The difference is night and day. The first prompt produces generic content. The second produces something that fits your project, your voice, and your audience.
Iterative Refinement — The first output is rarely the final output. And that's fine. The key is to iterate with purpose:
- Review the structure first — Does the outline match what you wanted? Fix this before worrying about content quality.
- Check the voice — Does it sound like your blog, or does it sound like a corporate whitepaper? Give specific feedback.
- Validate technical accuracy — Are the code examples correct? Do the patterns match your actual codebase?
- Test the build — Does it actually compile, render, and deploy correctly?
Feedback Loops — When something isn't right, don't just say "fix it". Say what's wrong and why. "This section reads too formal — our blog uses first-person developer voice with practical analogies" is infinitely more useful than "rewrite this section".
Developer Analogy: Strong interaction is like writing acceptance criteria for a user story. Vague acceptance criteria produce vague implementations. Specific, testable criteria produce specific, correct implementations. Same logic applies to prompts.
Putting It All Together
Here's how the Trinity of Clarity looks in practice. Let's say you need to add a new feature to your project — a blog post about a technical topic.
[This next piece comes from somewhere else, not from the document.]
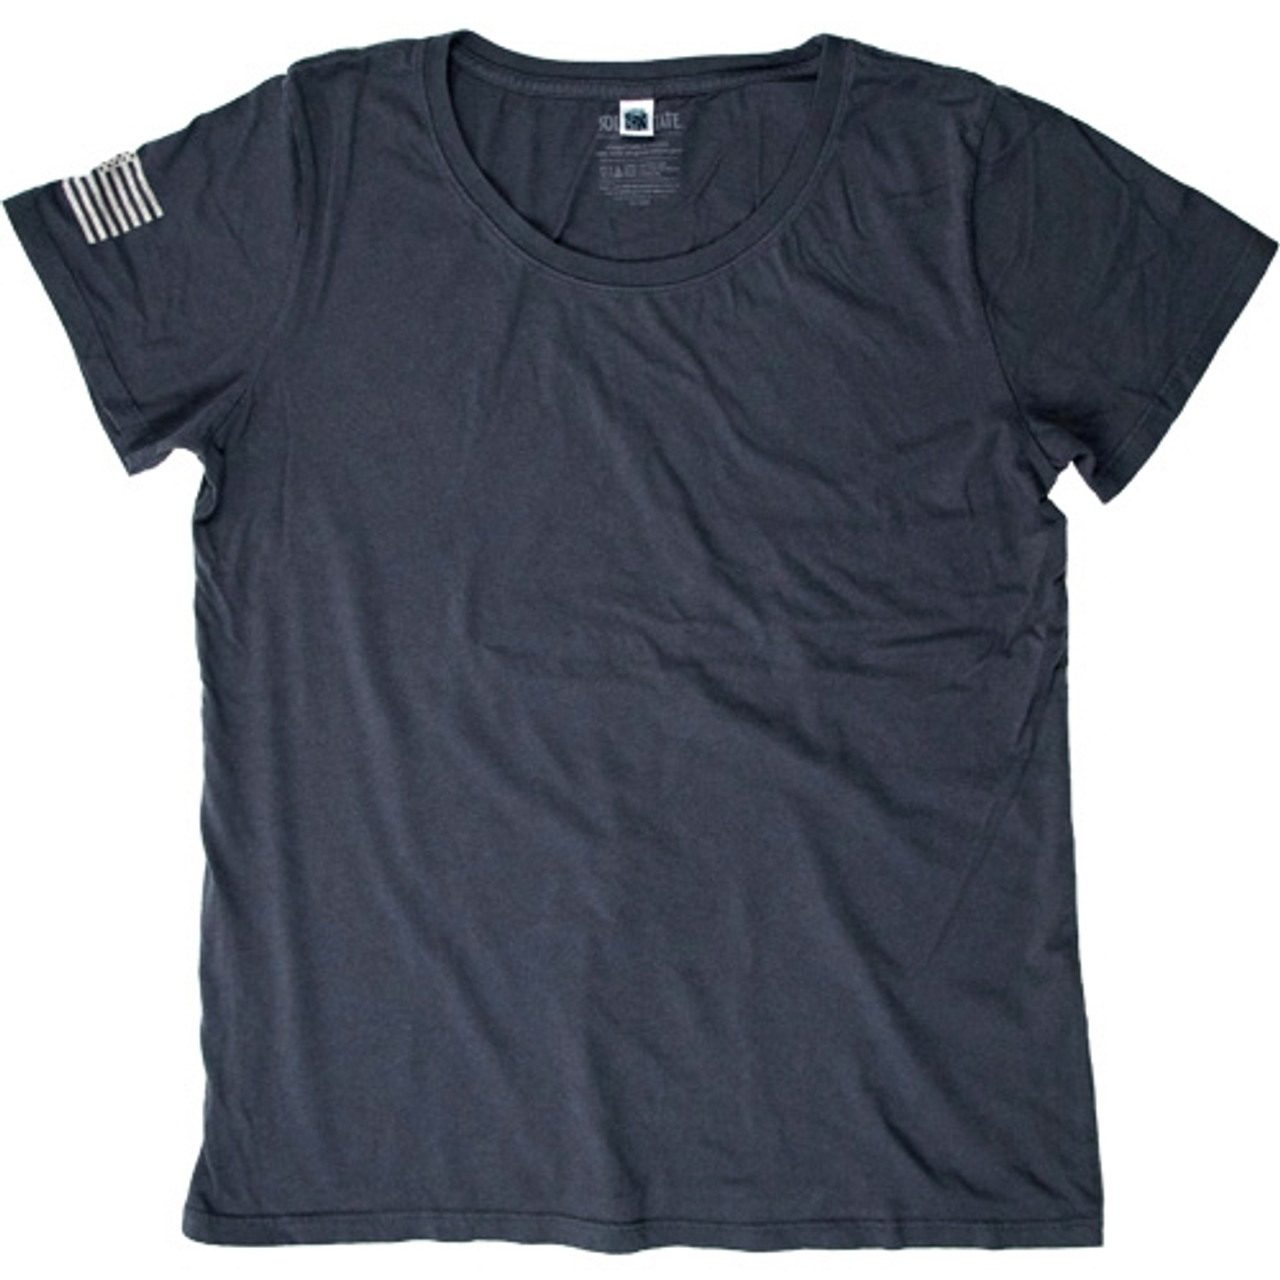 Solid State Men's Great American T-shirt posted by ProdOrigin USA in Men's Apparel

| Step | Pillar | What Happens |
|---|---|---|
| 1 | Agent Context | The content engineer agent loads its identity: role, scope (owns data/blog/), quality standards (frontmatter schema, Prettier formatting), and boundaries (can't modify layouts or infrastructure) |
| 2 | Environment Context | The agent loads project context: Next.js 15 App Router, Contentlayer2 pipeline, existing blog conventions, related posts, tag vocabulary, dual deployment targets |
| 3 | Strong Interaction | You provide a structured request: topic, structure, target audience, cross-references, acceptance criteria. Then iterate on the output. |
Without pillar 1, the agent doesn't know what quality looks like for your project. Without pillar 2, the agent guesses at your tech stack and gets it wrong. Without pillar 3, the agent produces generic output that doesn't match your intent.
All three together? That's the trinity. The agent has full clarity — and produces output that looks like it was written by someone who's been working on your project for months.
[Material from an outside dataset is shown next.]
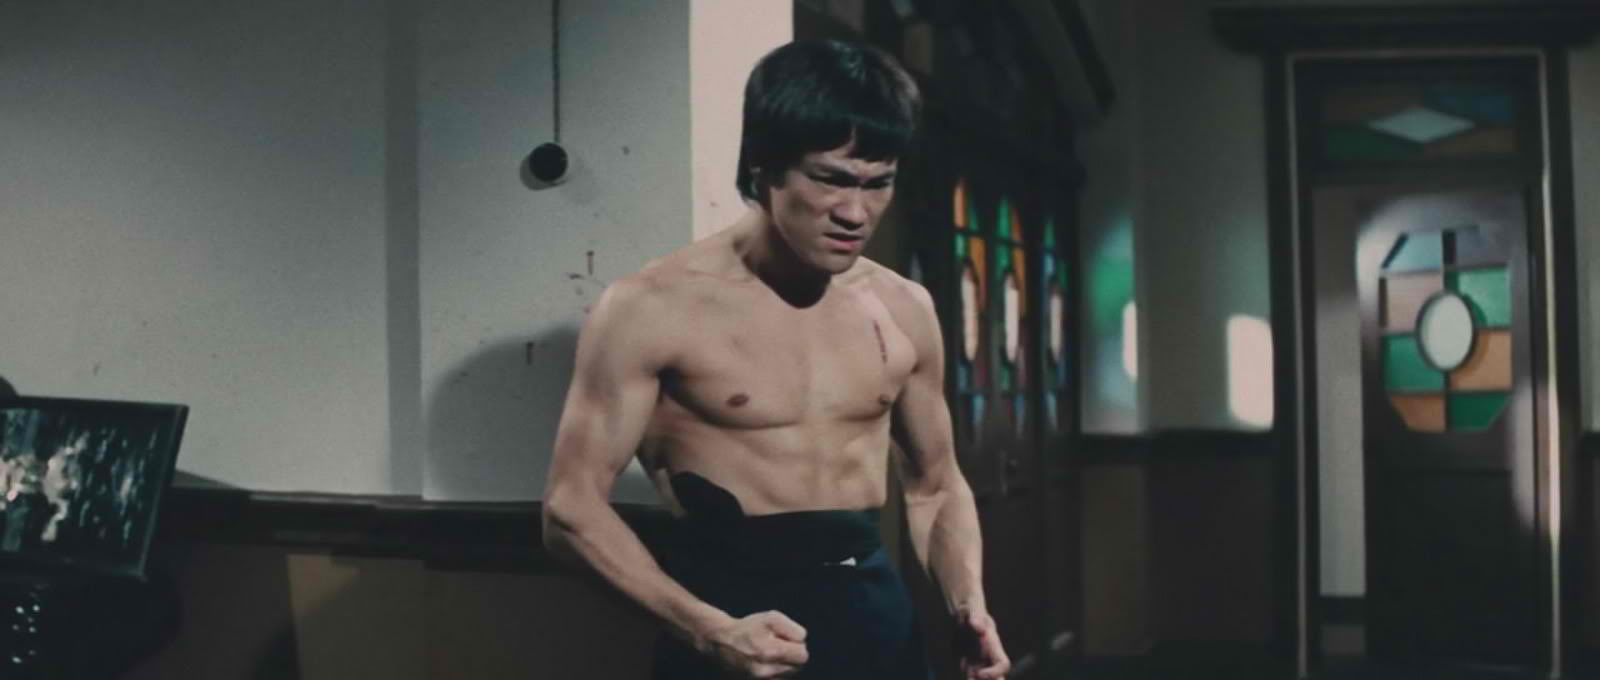 bruce lee imagens Fist of Fury HD wallpaper and background

Why This Matters for Sitecore Developers
If you're building on the Sitecore stack — XM Cloud, Content Hub, composable architectures — context engineering isn't optional. The Sitecore ecosystem is complex enough that generic AI outputs are almost always wrong. The models don't know about your specific:
- Content type schemas and template inheritance
- JSS component patterns and layout service contracts
- Experience Editor compatibility requirements
- Multi-site architecture and language fallback rules
- Your specific CSP headers and security configuration
Without all three pillars, you're going to spend more time correcting the AI than you would have spent doing the work yourself. With the full trinity, the AI becomes a genuine force multiplier.
Conclusion
The Trinity of Clarity isn't complicated. It's just disciplined. Most people only do pillar 3 (they type a prompt and hope). Some add pillar 1 (they set a system prompt). Very few commit to all three.
- Agent Context — Define who the agent is, what it can do, and what it can't
- Environment Context — Ground the agent in your actual project reality
- Strong Interaction — Develop a clear brief through structured, iterative communication
The payoff is huge. Fewer hallucinations. Fewer corrections. Output that actually fits your project instead of fighting it. And a workflow that scales as your agent team grows from one to many.
If you want to go deeper on any of these pillars, check out my earlier posts on how the agent lifecycle maps to Sitecore Agentic Studio, the architecture behind multi-agent patterns, and how to connect Sitecore documentation to your AI workflow.
The model isn't the bottleneck. Context is. And context is something you control.